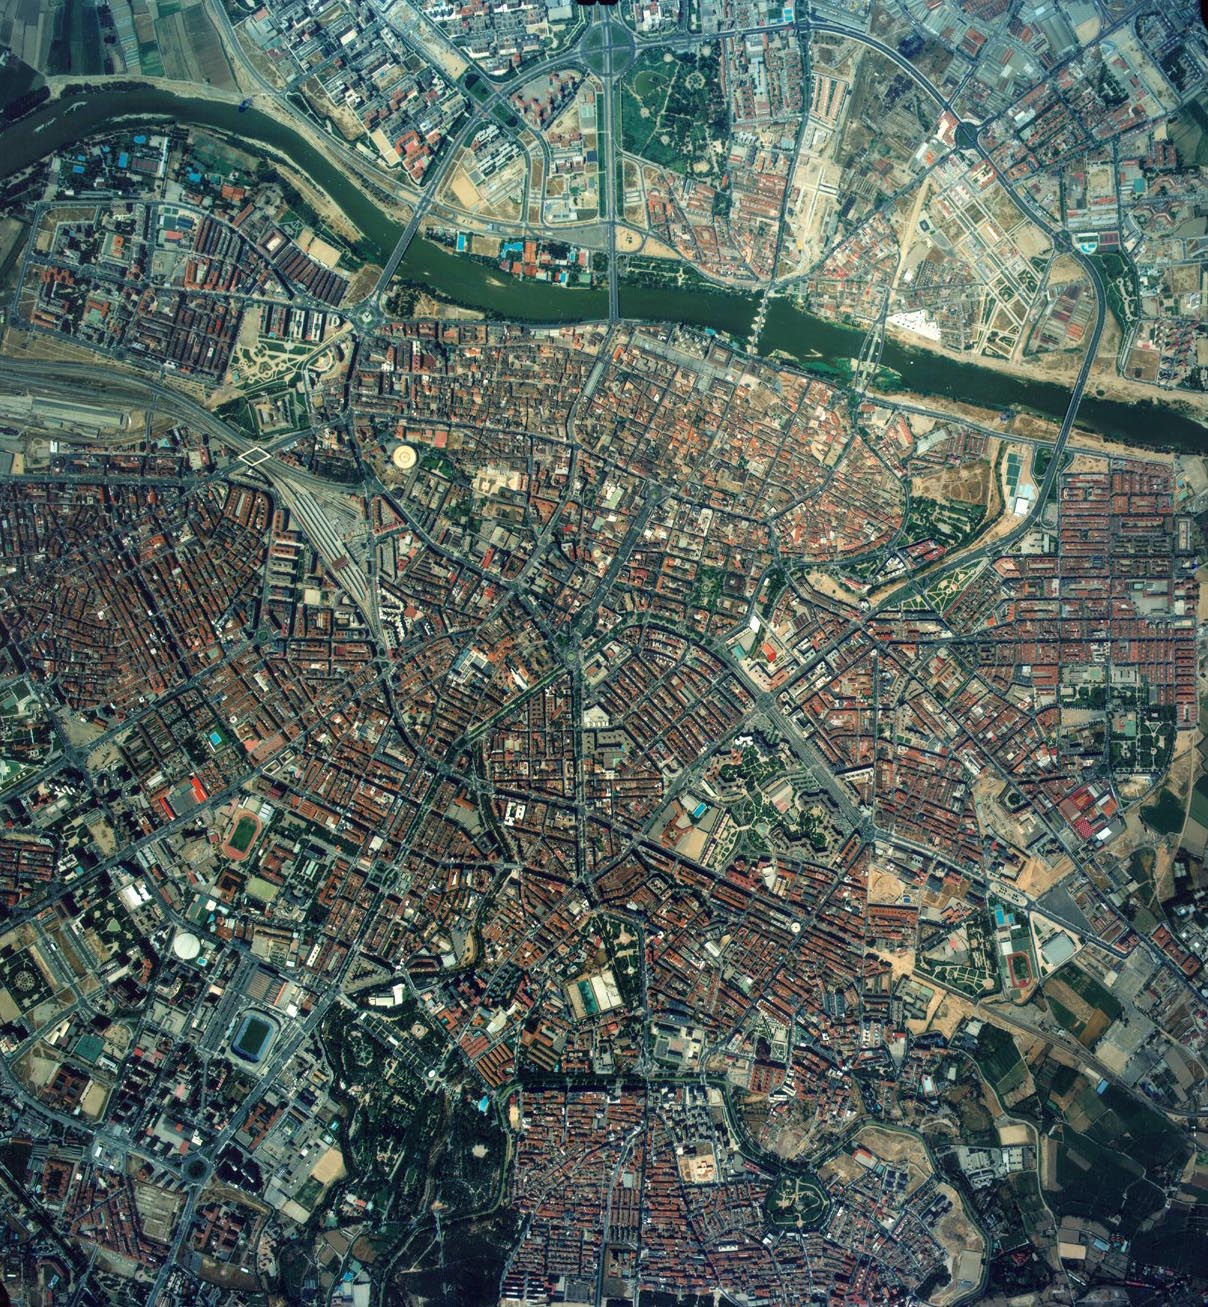 Vista aérea de Zaragoza
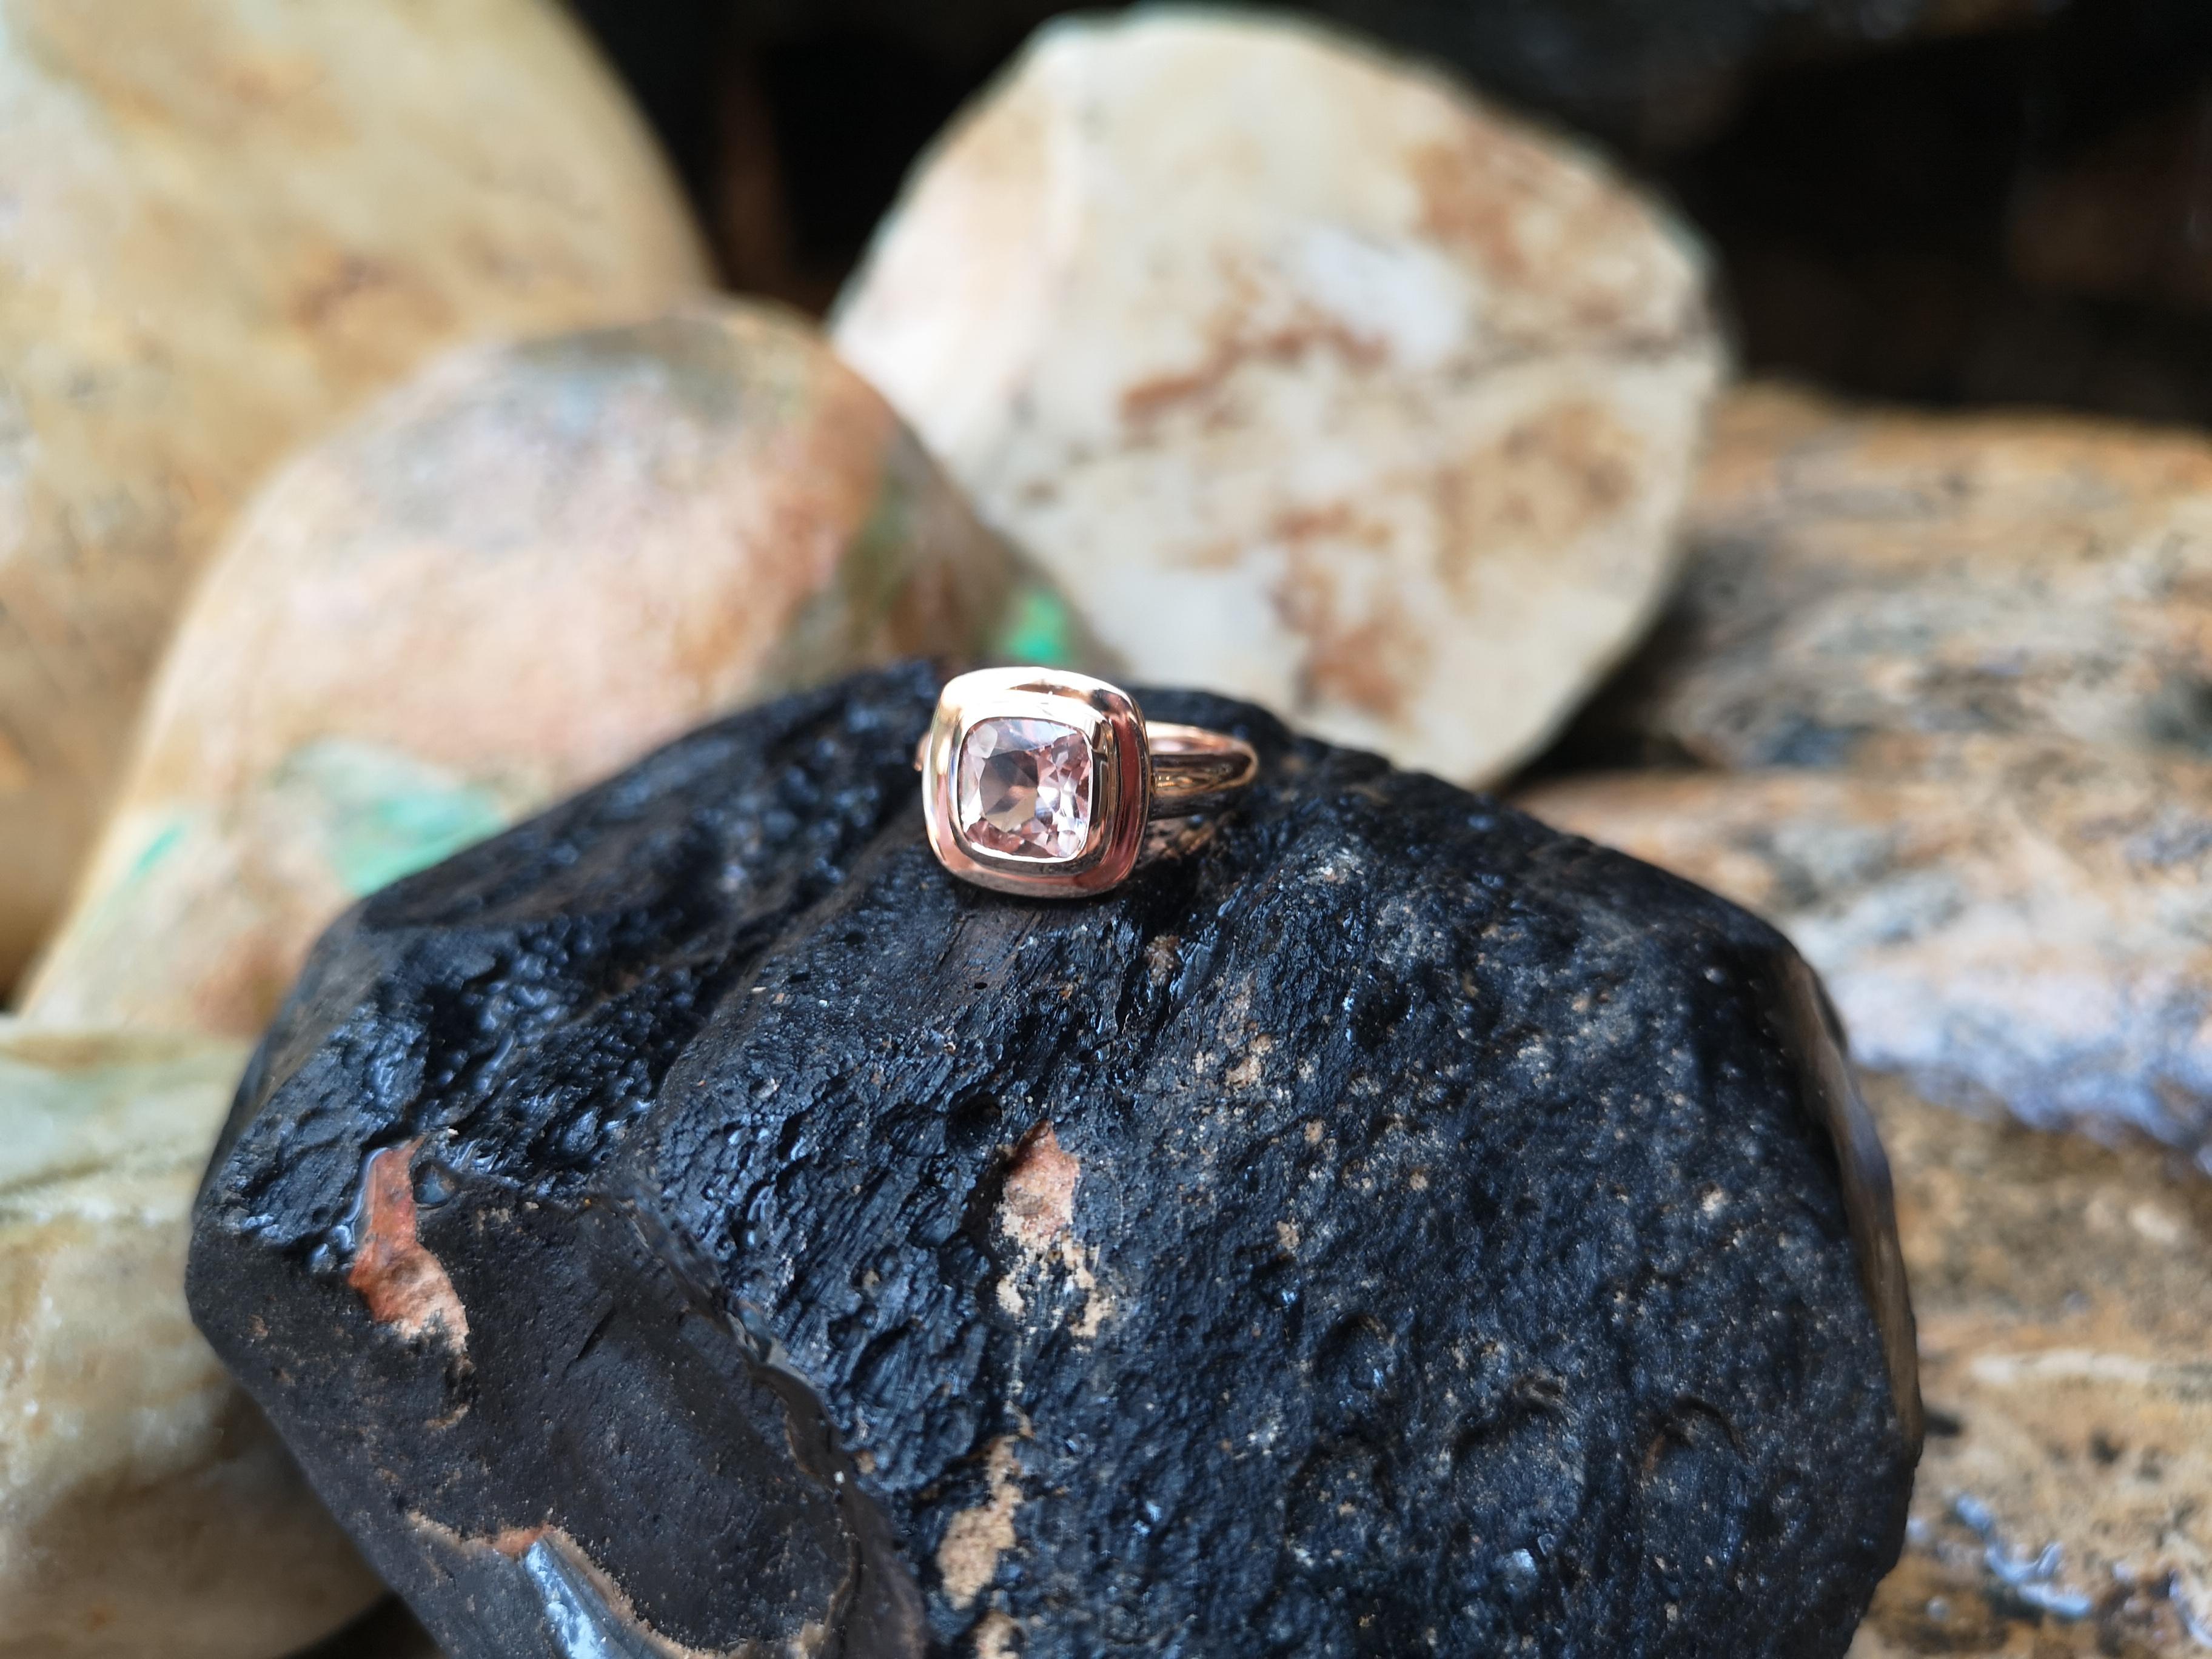 Morganite 2.04 carats Ring set in 18 Karat Rose Gold Settings

Width: 1.4 cm
Length: 1.4 cm 
Ring Size: 52

####################

PROBLEM DESCRIPTION >> Reproduce the listing exactly. Leave its pictures out.

TASK OUTPUT >>
 Vista aérea de Zaragoza
 Morganite 2.04 carats Ring set in 18 Karat Rose Gold Settings

Width: 1.4 cm
Length: 1.4 cm 
Ring Size: 52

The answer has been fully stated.